Extracted records:
* * *

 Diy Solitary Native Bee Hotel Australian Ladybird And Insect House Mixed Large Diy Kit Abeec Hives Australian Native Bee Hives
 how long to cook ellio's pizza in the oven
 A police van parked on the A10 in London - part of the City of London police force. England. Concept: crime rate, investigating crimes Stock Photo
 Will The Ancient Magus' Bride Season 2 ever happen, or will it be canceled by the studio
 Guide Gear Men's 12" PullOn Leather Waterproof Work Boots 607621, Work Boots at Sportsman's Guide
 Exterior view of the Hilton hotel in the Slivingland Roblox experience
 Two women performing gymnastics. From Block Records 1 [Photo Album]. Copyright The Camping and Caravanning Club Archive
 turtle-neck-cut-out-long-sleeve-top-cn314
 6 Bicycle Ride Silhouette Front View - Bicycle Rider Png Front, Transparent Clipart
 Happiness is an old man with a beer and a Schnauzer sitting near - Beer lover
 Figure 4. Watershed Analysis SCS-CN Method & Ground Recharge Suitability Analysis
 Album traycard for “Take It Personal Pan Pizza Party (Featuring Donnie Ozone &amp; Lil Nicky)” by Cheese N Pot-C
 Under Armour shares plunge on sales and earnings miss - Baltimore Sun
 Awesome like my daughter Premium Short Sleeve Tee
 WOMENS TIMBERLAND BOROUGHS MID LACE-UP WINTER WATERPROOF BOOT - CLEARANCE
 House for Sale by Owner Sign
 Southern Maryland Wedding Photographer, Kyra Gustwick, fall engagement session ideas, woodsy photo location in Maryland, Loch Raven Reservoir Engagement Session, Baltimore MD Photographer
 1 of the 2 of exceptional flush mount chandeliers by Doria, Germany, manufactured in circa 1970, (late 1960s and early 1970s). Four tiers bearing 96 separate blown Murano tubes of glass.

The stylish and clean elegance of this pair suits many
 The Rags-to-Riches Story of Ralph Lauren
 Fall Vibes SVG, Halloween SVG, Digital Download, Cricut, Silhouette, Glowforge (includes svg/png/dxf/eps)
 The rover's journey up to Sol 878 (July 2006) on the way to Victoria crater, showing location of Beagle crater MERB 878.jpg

* * *

Task item:
Print all of the records, leaving each one exactly as it appears above.

Output for this task:
 Diy Solitary Native Bee Hotel Australian Ladybird And Insect House Mixed Large Diy Kit Abeec Hives Australian Native Bee Hives
 how long to cook ellio's pizza in the oven
 A police van parked on the A10 in London - part of the City of London police force. England. Concept: crime rate, investigating crimes Stock Photo
 Will The Ancient Magus' Bride Season 2 ever happen, or will it be canceled by the studio
 Guide Gear Men's 12" PullOn Leather Waterproof Work Boots 607621, Work Boots at Sportsman's Guide
 Exterior view of the Hilton hotel in the Slivingland Roblox experience
 Two women performing gymnastics. From Block Records 1 [Photo Album]. Copyright The Camping and Caravanning Club Archive
 turtle-neck-cut-out-long-sleeve-top-cn314
 6 Bicycle Ride Silhouette Front View - Bicycle Rider Png Front, Transparent Clipart
 Happiness is an old man with a beer and a Schnauzer sitting near - Beer lover
 Figure 4. Watershed Analysis SCS-CN Method & Ground Recharge Suitability Analysis
 Album traycard for “Take It Personal Pan Pizza Party (Featuring Donnie Ozone &amp; Lil Nicky)” by Cheese N Pot-C
 Under Armour shares plunge on sales and earnings miss - Baltimore Sun
 Awesome like my daughter Premium Short Sleeve Tee
 WOMENS TIMBERLAND BOROUGHS MID LACE-UP WINTER WATERPROOF BOOT - CLEARANCE
 House for Sale by Owner Sign
 Southern Maryland Wedding Photographer, Kyra Gustwick, fall engagement session ideas, woodsy photo location in Maryland, Loch Raven Reservoir Engagement Session, Baltimore MD Photographer
 1 of the 2 of exceptional flush mount chandeliers by Doria, Germany, manufactured in circa 1970, (late 1960s and early 1970s). Four tiers bearing 96 separate blown Murano tubes of glass.

The stylish and clean elegance of this pair suits many
 The Rags-to-Riches Story of Ralph Lauren
 Fall Vibes SVG, Halloween SVG, Digital Download, Cricut, Silhouette, Glowforge (includes svg/png/dxf/eps)
 The rover's journey up to Sol 878 (July 2006) on the way to Victoria crater, showing location of Beagle crater MERB 878.jpg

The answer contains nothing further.